Set down exactly the lines below between the line holding "Nahaufnahme einer Schweißnaht" and the line holding "Rapaz de Prudentópolis", inclusive; no other line belongs in the answer.

Exercise data.

=======

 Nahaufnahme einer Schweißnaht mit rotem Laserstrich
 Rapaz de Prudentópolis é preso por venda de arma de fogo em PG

=======

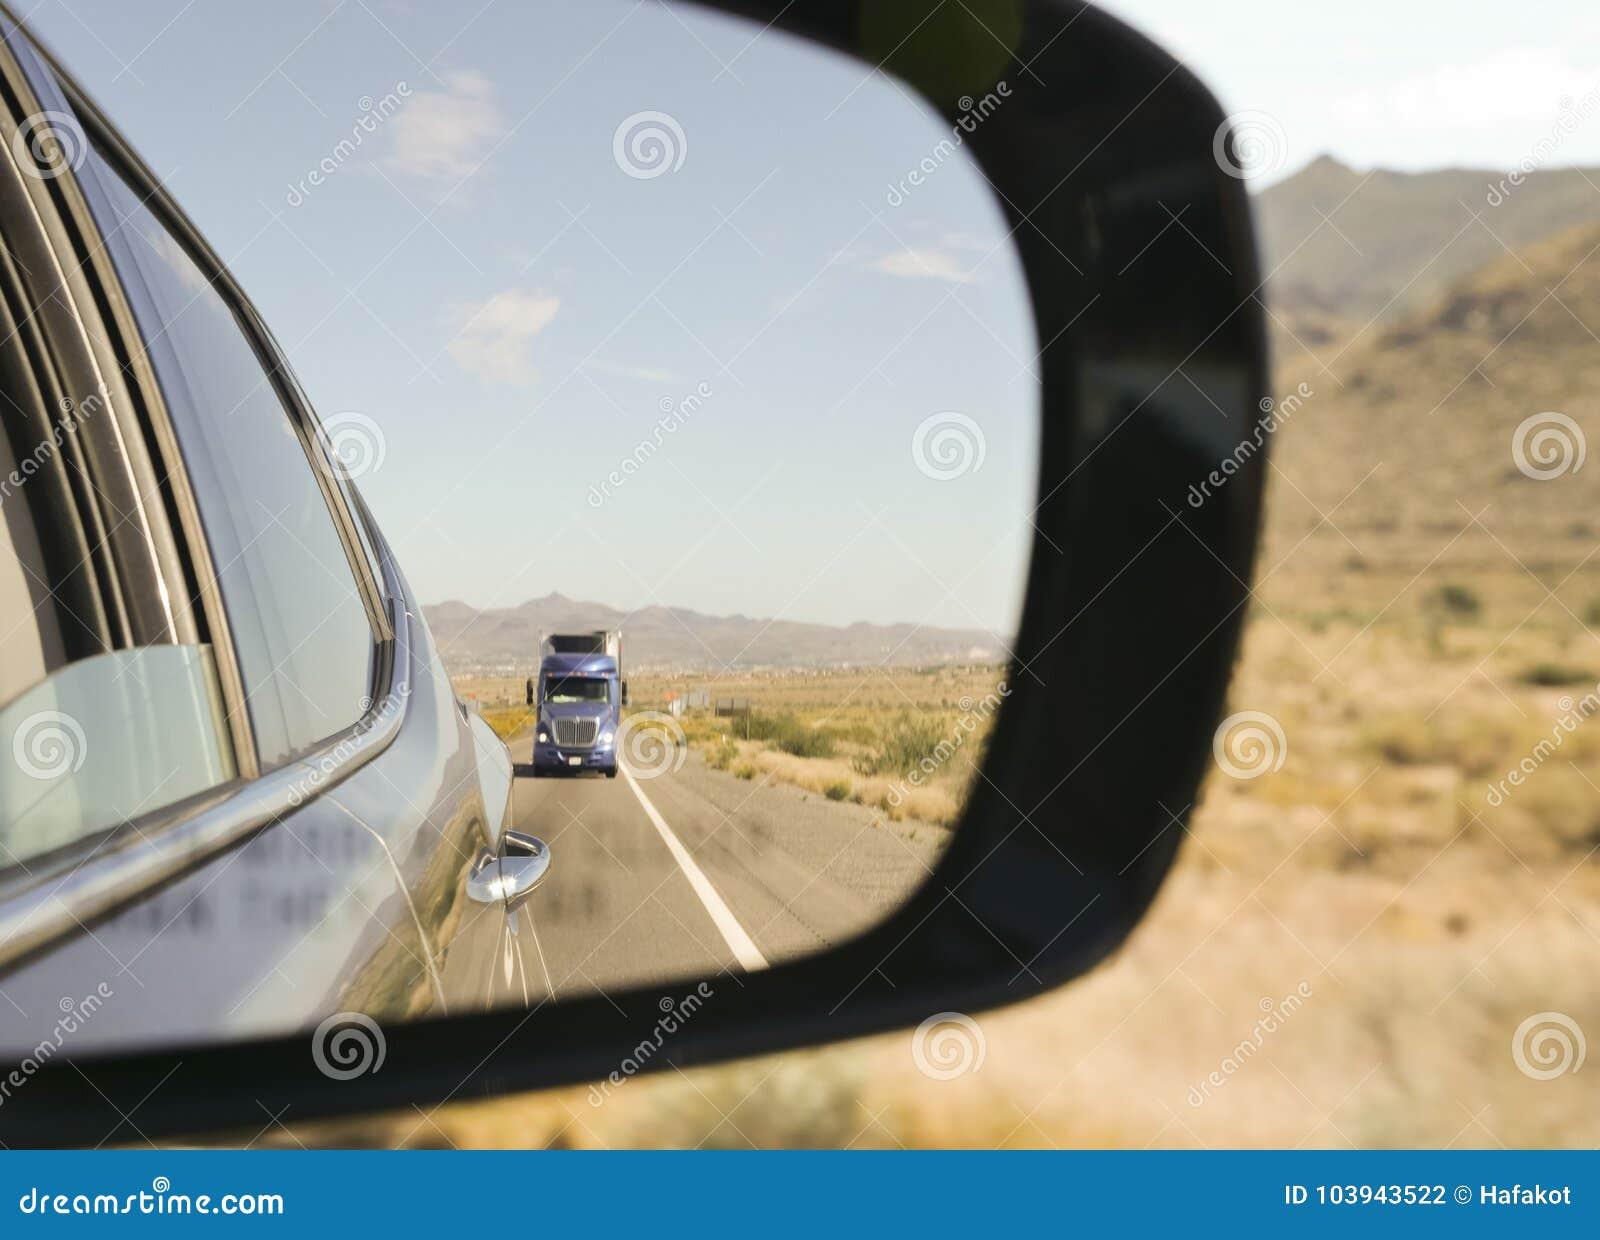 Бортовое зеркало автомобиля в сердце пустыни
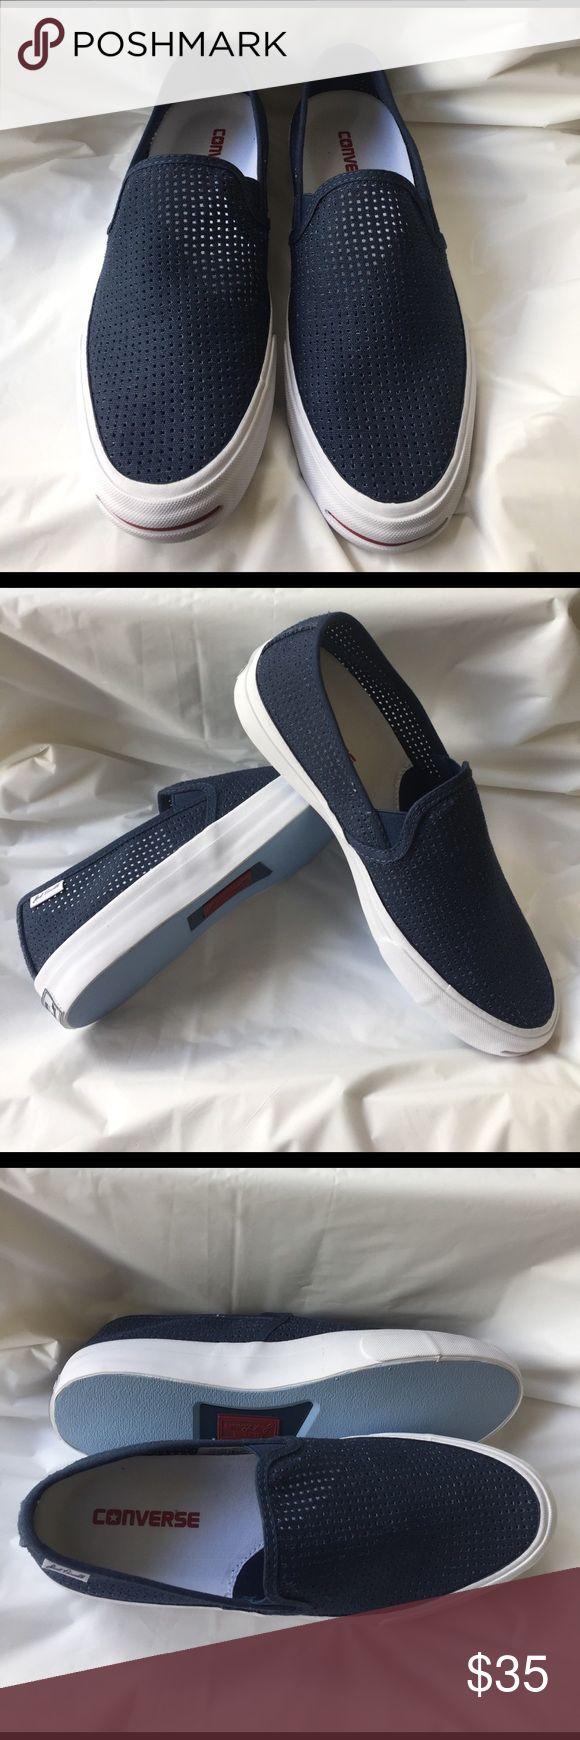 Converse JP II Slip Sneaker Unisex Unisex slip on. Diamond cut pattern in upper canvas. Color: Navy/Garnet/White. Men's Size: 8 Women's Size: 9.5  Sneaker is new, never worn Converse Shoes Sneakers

=======

Result of this task.
 Nahaufnahme einer Schweißnaht mit rotem Laserstrich
 Rapaz de Prudentópolis é preso por venda de arma de fogo em PG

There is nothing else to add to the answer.